***** PROVIDED MATERIAL

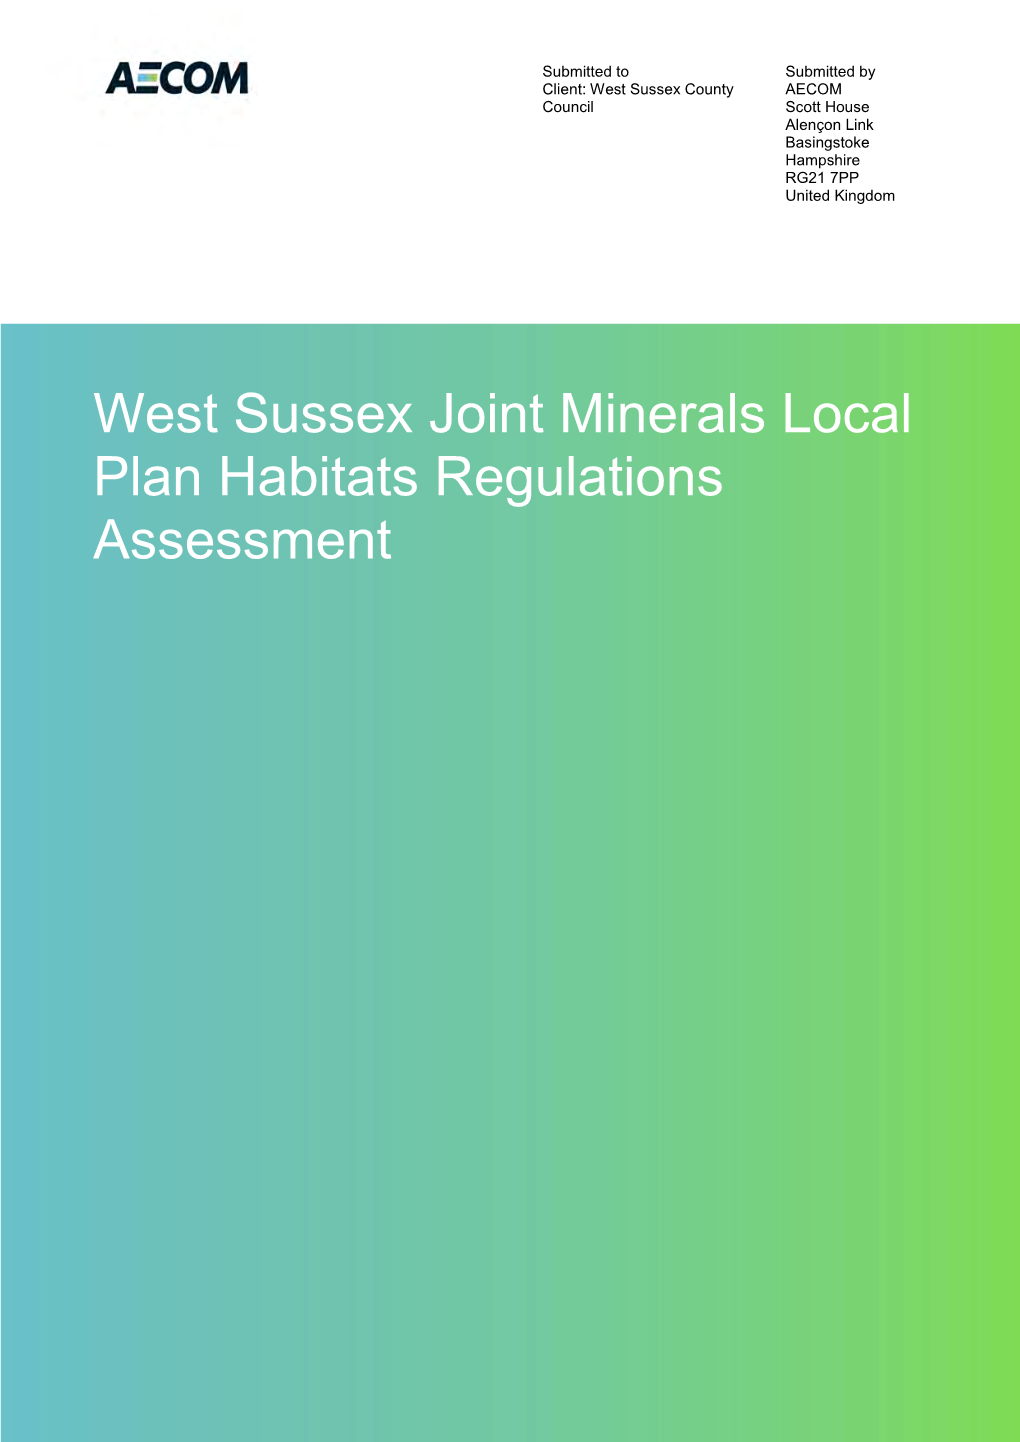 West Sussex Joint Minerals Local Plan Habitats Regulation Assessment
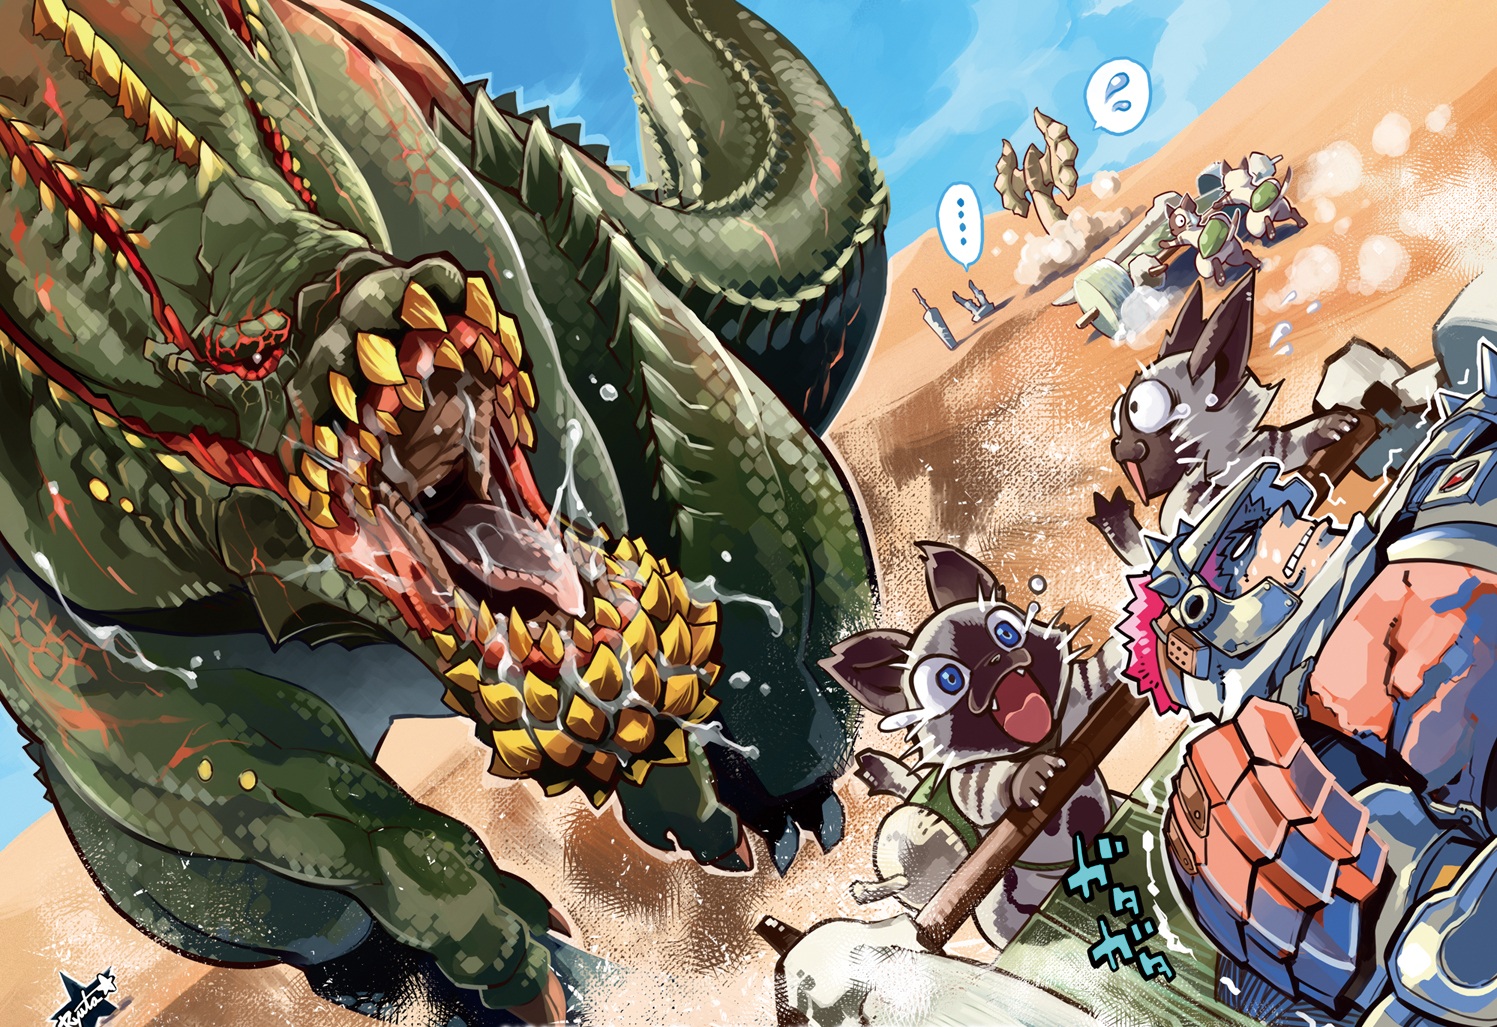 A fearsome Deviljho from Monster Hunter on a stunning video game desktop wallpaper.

**********
***** PROVIDED MATERIAL

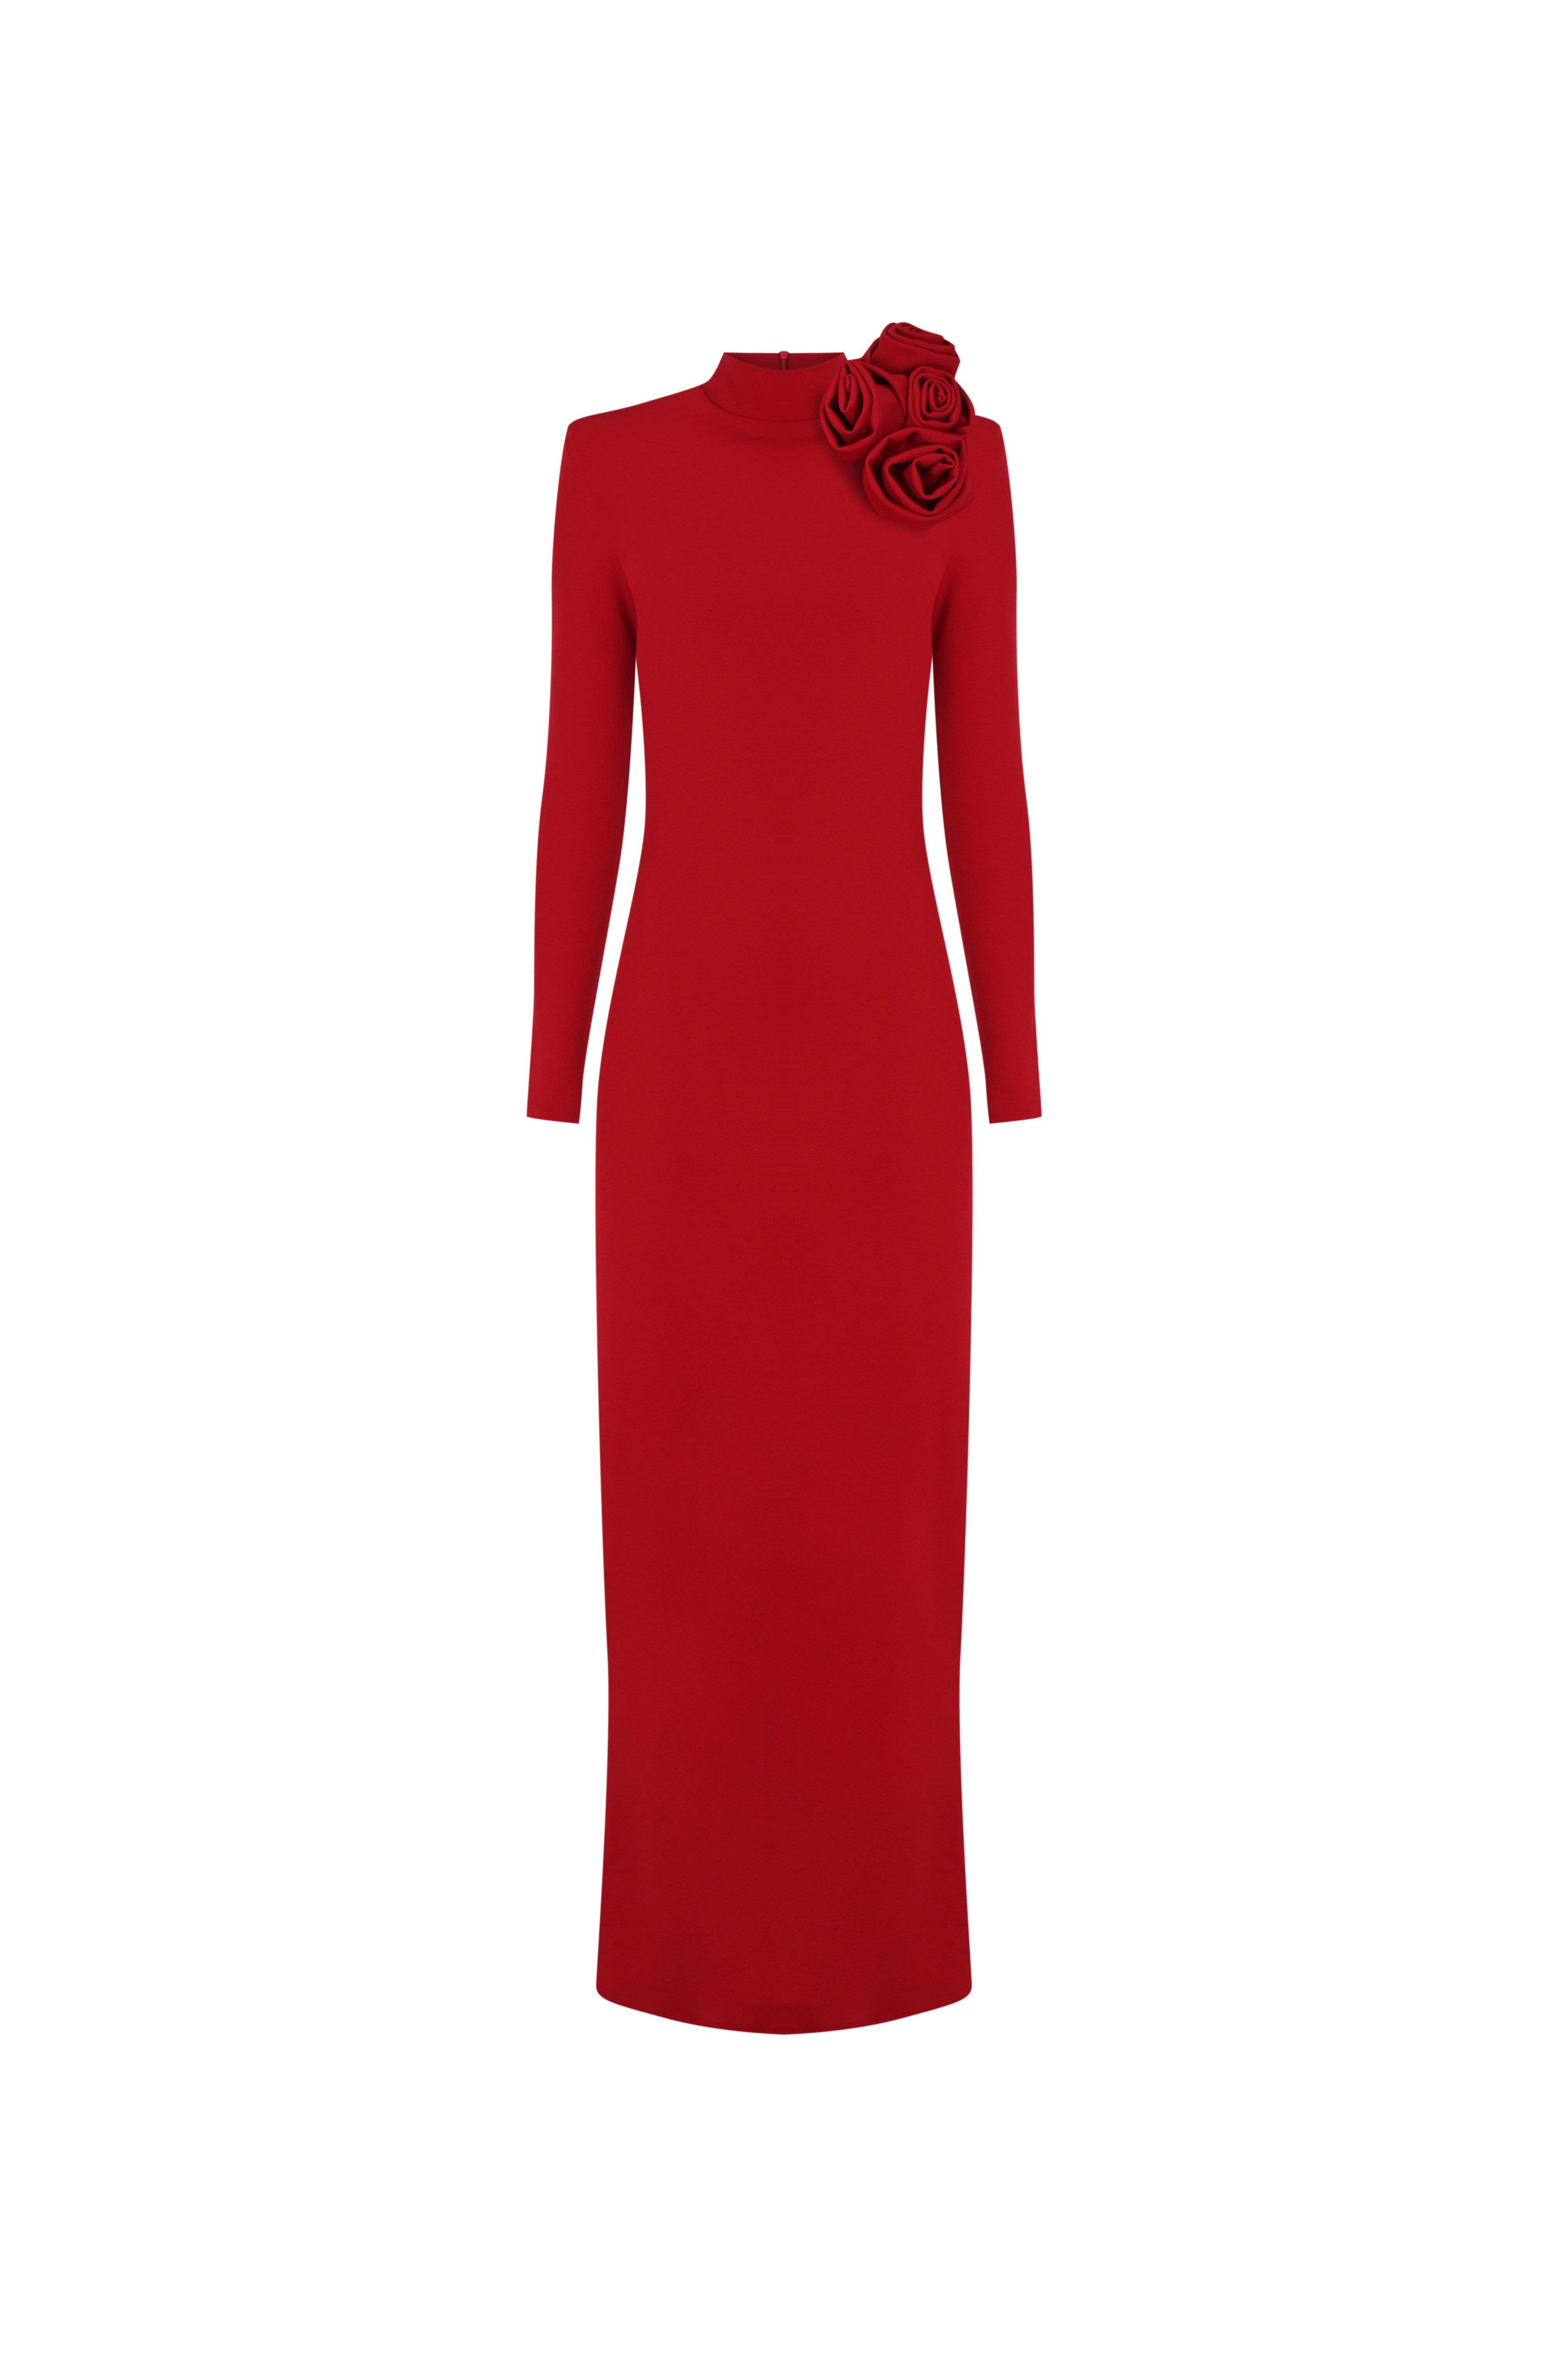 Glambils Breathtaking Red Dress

**********

◆ **WHAT THIS TASK INVOLVES**
Pictures in the material above should be skipped; print exactly the lines from the one with "West Sussex Joint" through the one with "A fearsome Deviljho".

◆ **RESPONSE FOR THIS EXERCISE**
 West Sussex Joint Minerals Local Plan Habitats Regulation Assessment
 A fearsome Deviljho from Monster Hunter on a stunning video game desktop wallpaper.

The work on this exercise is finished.